Early Phase 1 clinical trial results suggest promising safety and efficacy of bb21217 – a next-generation anti-BCMA CAR T therapy – for the treatment of patients with multiple myeloma
Nina Shah, MD (University of California, San Francisco, San Francisco, Calif., USA), presented preliminary results from the phase 1 CRB-402 clinical trial (NCT03274219) evaluating safety and efficacy of the anti-BCMA CAR T therapy bb21217 in patients with relapsed/refractory multiple myeloma. Bb21217 is a next-generation CAR T therapy that contains an scFv, 4-1BB costimulatory motif and CD3-zeta T cell activation domain and is treated with the phosphoinositide 3 kinase inhibitor bb007 during ex vivo culture to help enrich for memory T cells and enhance the durability of anti-tumor activity.

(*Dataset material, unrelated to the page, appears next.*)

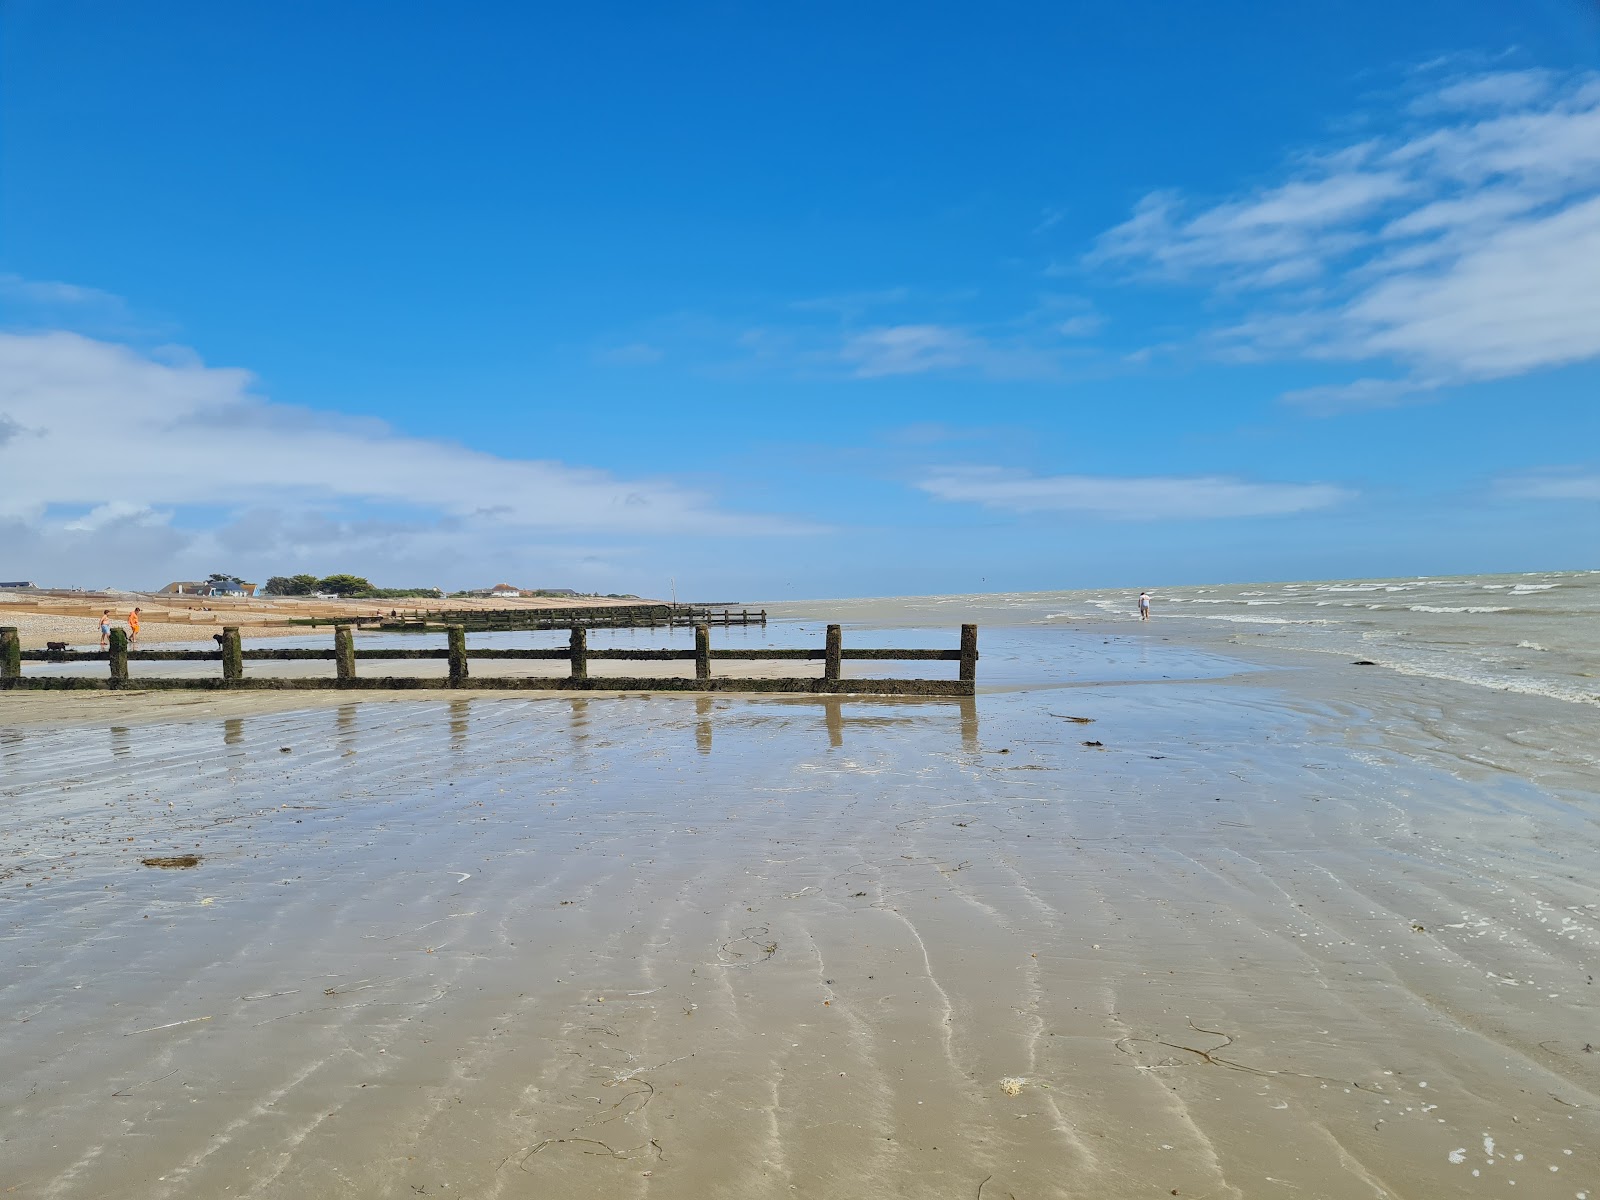 Foto de Praia de Ferring - lugar popular entre os apreciadores de relaxamento

In all, 12 patients (median age = 63 [44 – 69], with history of greater than three prior therapies, and prescreened for greater than 50 percent BCMA expression) underwent lymphodepletion (fludarabine [30 mg/m2] and cyclophosphamide [300 mg/m2] daily for three days) before receiving 150 x 106 bb21217 cells via a single infusion. Eight patients developed CRS (67 percent, grade one = four, grade two = three, grade three = one). Grade 1/2 neurotoxicities were observed in two patients. One patient with a high tumor burden and rapidly accelerating disease experienced dose-limiting CRS and grade four encephalopathy that was resolved via tocilizumab, corticosteroids, and cyclophosphamide. Of note, grade 3/4 neutropenia was observed in eight percent and 75 percent of patients, respectively, 11/12 of which recovered at least by day 65. ORR was 83.3 percent (95 percent CI: 51.6 – 97.9), with three CR and six greater than VGPR. In one case, a patient achieved CR ten months post-infusion, suggesting that responses can deepen over time. All but one responder remain in ongoing response, with one patient experiencing greater than one year of remission. All four evaluable patients for MRD status are MRD-negative. Importantly, memory CAR T cell expansion was observed in patient blood post-infusion, and CAR T cells remained detectable up to nine months post-infusion. Together, these preliminary data suggest that bb21217 is well tolerated and may be effective in treating patients with relapsed/refractory multiple myeloma. This study is ongoing.